> _How to complete this task_: In the material below, find the span from the line with "Full Size of" to the line with "cfa63c37c Slnečné okuliare" and transcribe only those lines, exactly, ends included, without the pictures.

::: Data section

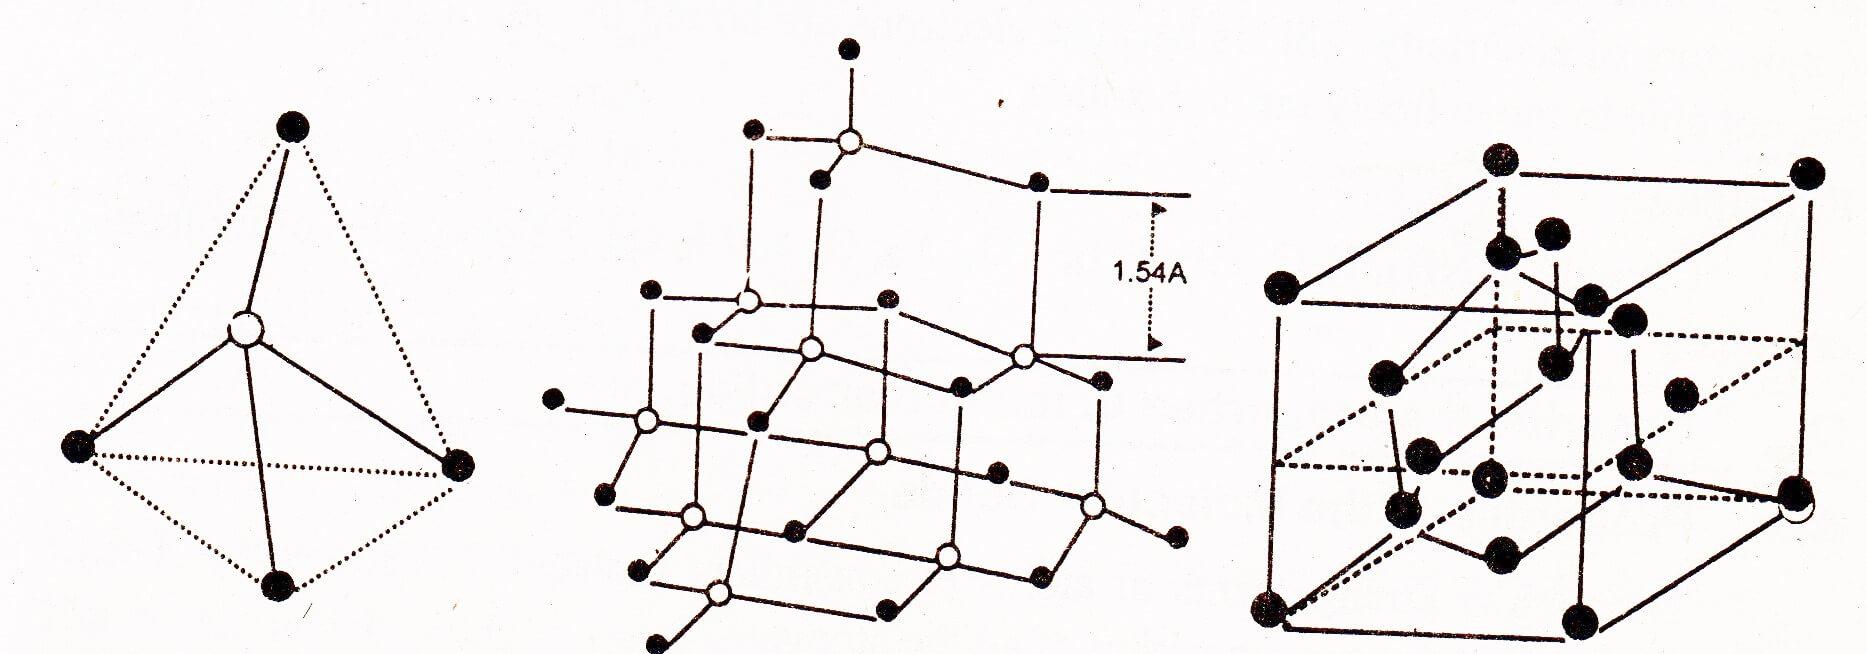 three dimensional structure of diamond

::::::
::: Data section

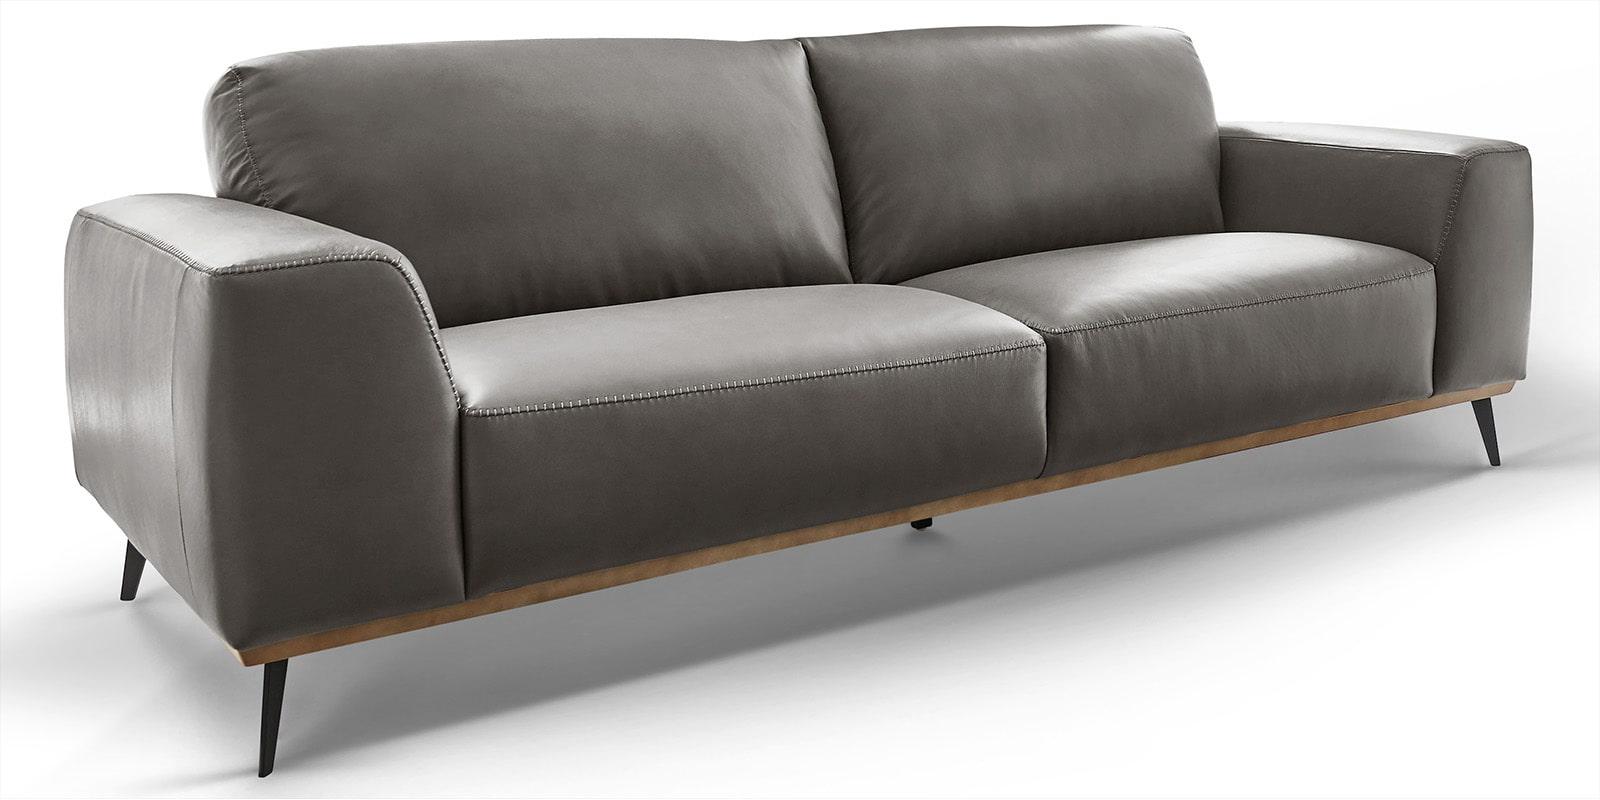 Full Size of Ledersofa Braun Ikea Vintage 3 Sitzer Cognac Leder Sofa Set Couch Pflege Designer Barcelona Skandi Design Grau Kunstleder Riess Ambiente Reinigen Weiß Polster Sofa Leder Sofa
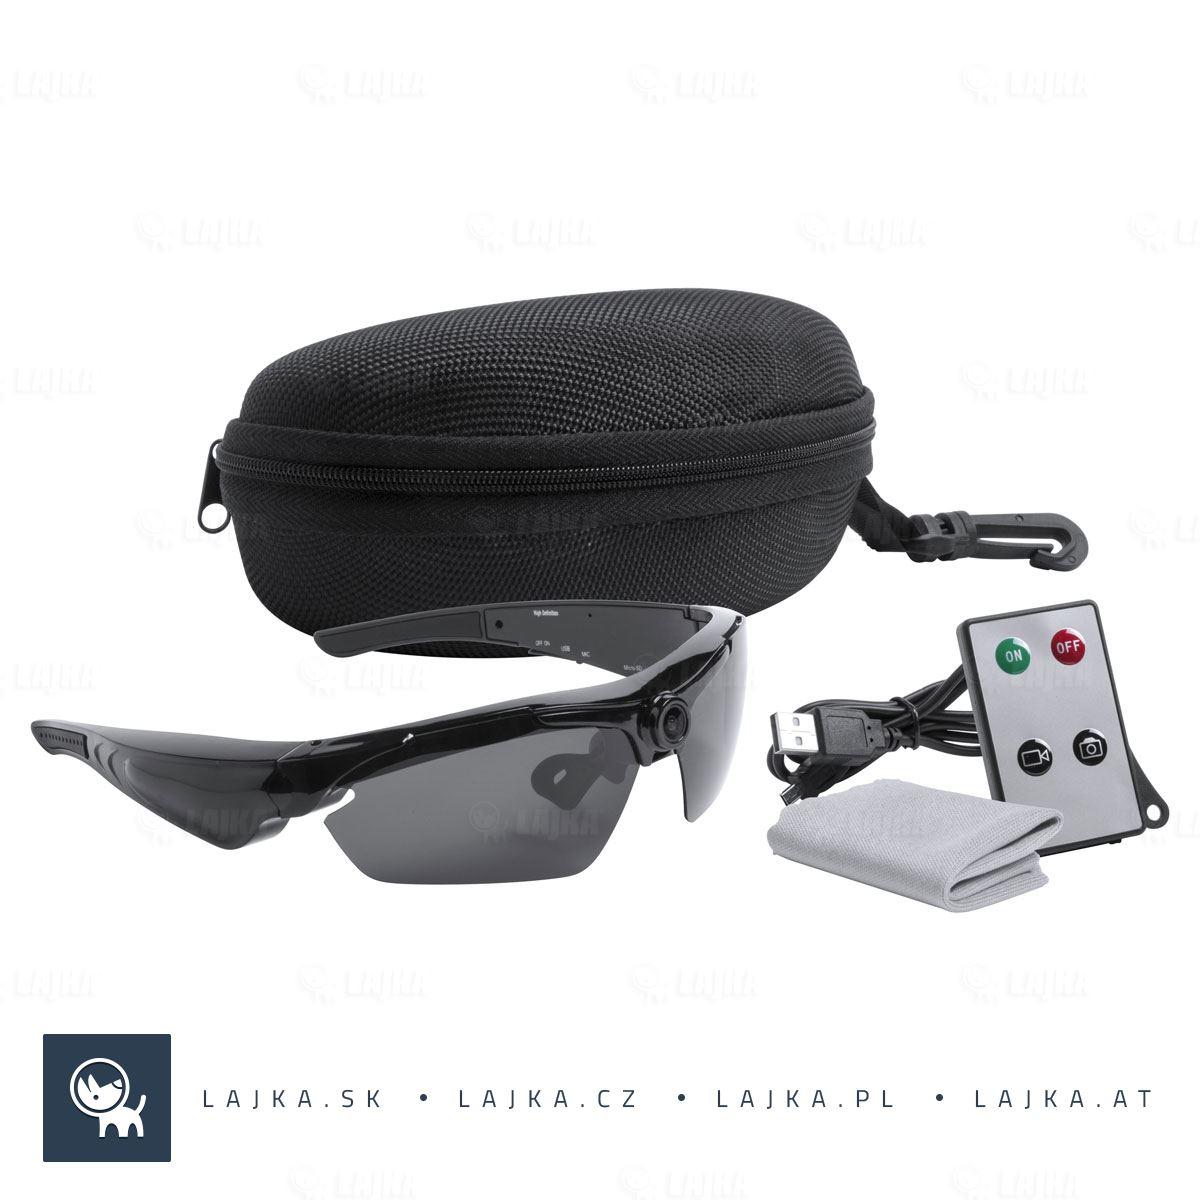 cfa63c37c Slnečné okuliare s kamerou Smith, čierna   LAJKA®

::::::

> _Output of the task_:
 Full Size of Ledersofa Braun Ikea Vintage 3 Sitzer Cognac Leder Sofa Set Couch Pflege Designer Barcelona Skandi Design Grau Kunstleder Riess Ambiente Reinigen Weiß Polster Sofa Leder Sofa
 cfa63c37c Slnečné okuliare s kamerou Smith, čierna   LAJKA®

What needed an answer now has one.